Leland — whose papers were originally committed by Edward VI into the custody of the royal tutor Sir John Cheke (1514-57) — has left some autograph manuscripts of other works (*LeJ 3, *LeJ 8, *LeJ 12, *LeJ 50, *LeJ 90, LeJ 96-8), including his presentation verses on the coronation of Anne Boleyn (*LeJ 8). The scribal copy of Antiphilarchia which he must have presented to Henry VIII likewise survives (LeJ 9). Two autograph letters by Leland are also recorded (LeJ 99-100), as well as a document signed by him (*LeJ 101). In his account of Leland in the original Dictionary of National Biography, Sidney Lee claims that a printed exemplum of Sedulii Scoti comment. in epistolas Pauli (Basle, 1527) in Cambridge University Library has at the beginning an epigram in Leland's hand; however, neither of the two exempla of that edition now in this library (B*. 4. 15(c) and Sel. 3. 741) contains such an epigram.

A list of works ascribed to Leland appears in John Bale, Scriptorum illustrium Maioris Brytanniae catalogus (Basle, 1557), pp. 671-2. A number of these works have never been identified, but some of Bale's titles (such as ‘Descriptio Angliae’) may well refer to transcripts of documents among Leland's miscellaneous collections rather than to original works: see T.C. Skeat, ‘Two “Lost” Works by John Leland’, English Historical Review, 65 (1950), 505-8. The preface to the Itinerary — the account of his research which Leland presented to Henry VIII (preserved in his autograph: *LeJ 90) — was printed by Bale in 1549 under the title The Laboriouse Journey and Serche of Johan Leylande for Englandes Antiquitees and so is here listed as an independent work (LeJ 90-95). Two exempla of Bale's edition in the British Library (LeJ 94.5 and LeJ 94.8), and possibly others elsewhere, have a missing word near the top of sig. F6v supplied in Bale's own hand: see W. W. Greg, ‘Pen-and-Ink Corrections’, Review of English Studies, 7 (1931), 337.

Miscellaneous

There are a few other miscellaneous items of interest. In his Remarks and Collections (ed. C.E. Doble, II (Oxford, 1886), 227) Hearne notes that an Elizabethan transcript of The Itinerary (‘being taken from the originals before they took wet, as is suppos'd’) was once owned by James Wright (1643-1713) but was consumed in a fire at the Middle Temple in 1678.
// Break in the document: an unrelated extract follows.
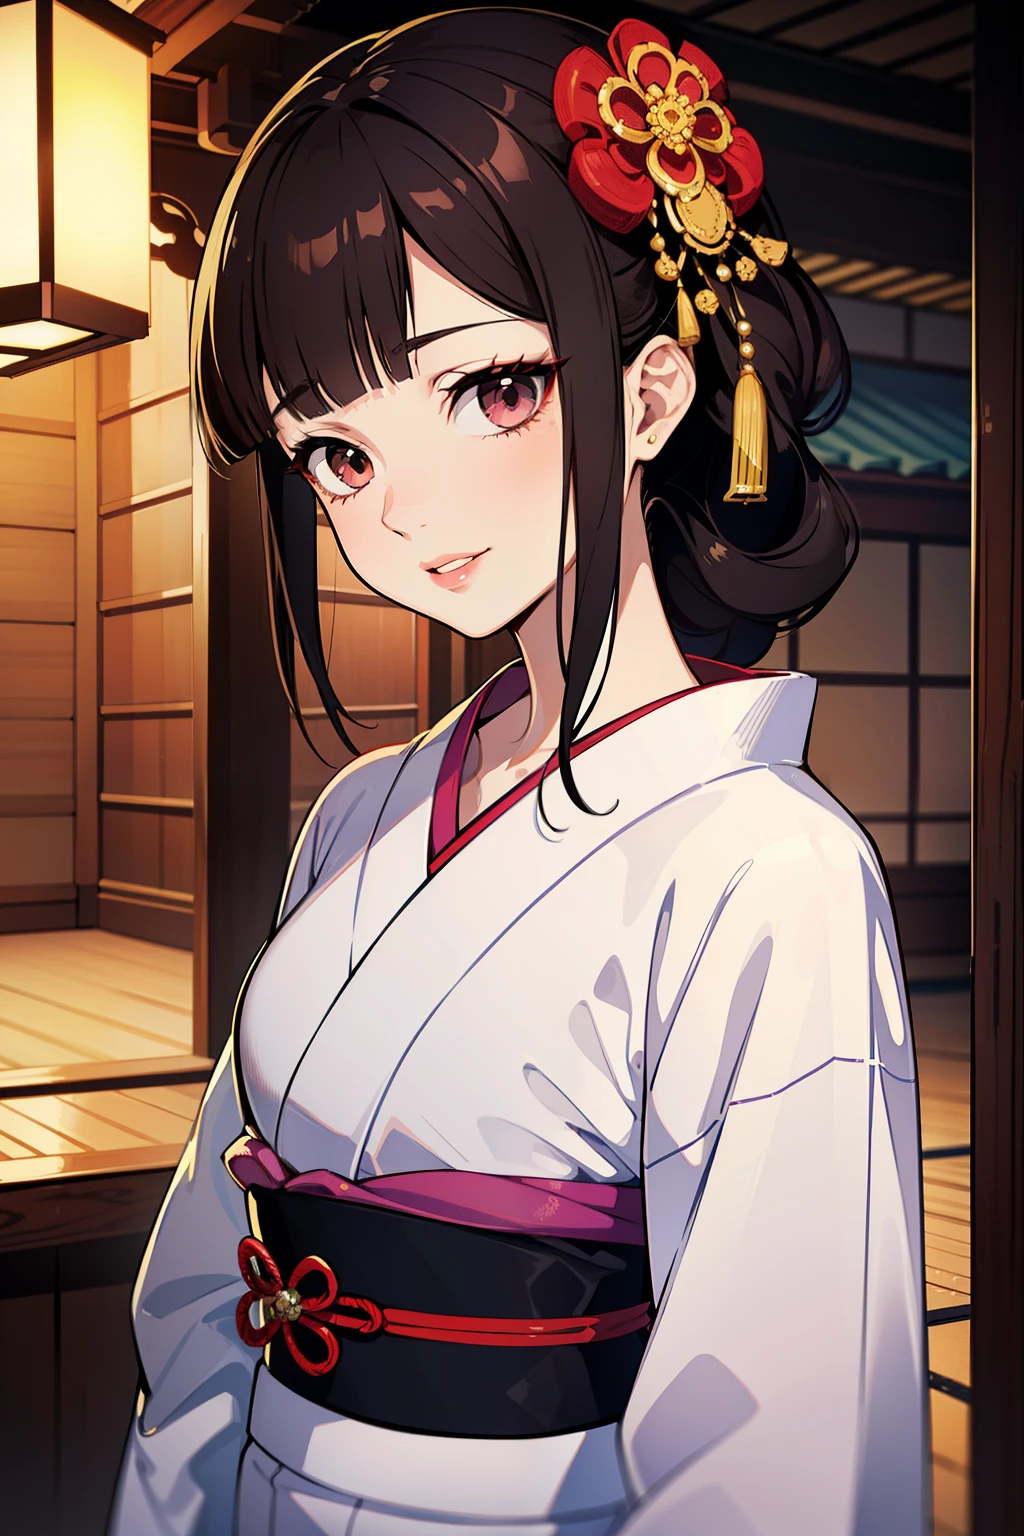 (high-quality, breathtaking),(expressive eyes, perfect face) (((yukata, sexy lips)), 1girl, female, solo, young adult, brown hair, black coloured eyes, stylised hair, gentle smile, medium length hair, loose hair, side bangs, tied up, japanese clothing, elegant, soft make up, hair pin accessory in hair, oiran, demon slayer art style
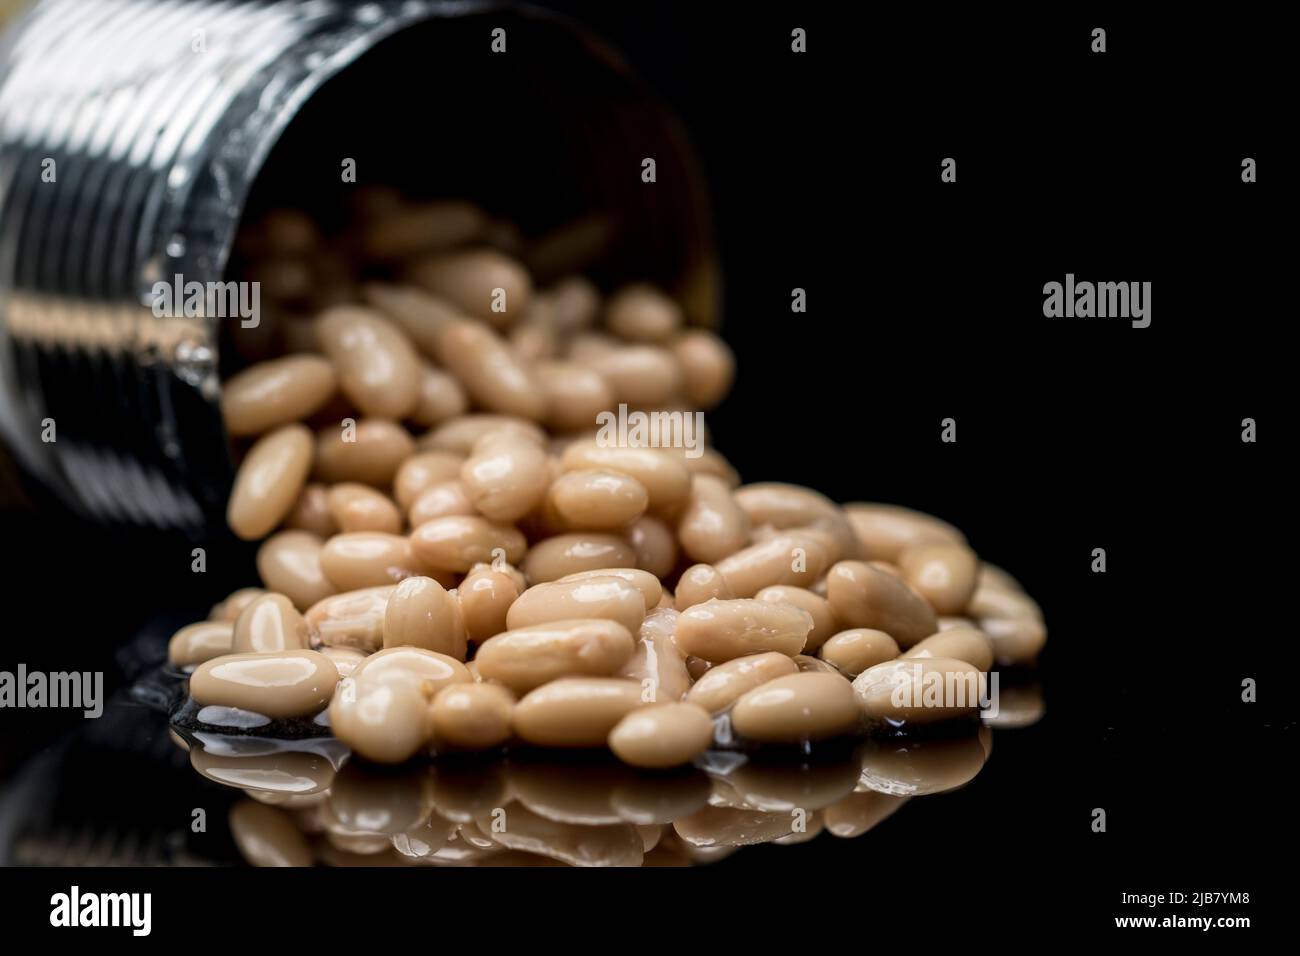 Wasted food spilled beans from a can. Food supplies expired. Stock Photo

Various printed exempla of Leland's works contain notable annotations by early readers: for instance, exempla of three of his poems and tracts in the British Library (C.95.c.15 (1.3.4)) have annotations by the antiquary William Lambarde (1536-1601).

Manuscripts known to have been owned by Leland are rare. Examples of extant medieval manuscripts that passed through his hands are in the British Library: the Melrose and Tynemouth Chronicles and Geraldus Cambrensis De principis instructione in Cotton MSS Faustina B IX and Julius B XIII. Examples of copies of medieval documents which Leland used in his work would include Bodleian, MS Dugdale 11, ff. 1r-8r, and British Library, Cotton MSS Cleopatra C. III, f. 220r, and Domitian A. VIII, ff. 119r-20v. It would be impossible, however, to determine all Leland's sources of information or exactly which extant documents he is likely to have handled. Indeed, the value of Leland's Collectanea lies in the uniqueness of his position as the King's Antiquary at the time of the dissolution of the monasteries, when he was able to examine and transcribe, or make notes upon, so much material that was subsequently lost or dispersed.

A brief early-eighteenth-century account of Leland was published as The Life of John Leland (the First English Antiquary) with extensive notes and a bibliography of his works…printed from a hitherto unpublished work (by the learned Edward Burton) (London, 1896). Eight pages of Burton's working papers of his account (formerly Phillipps MS 8232) are now in the Bodleian (MS Eng. misc. a. 21).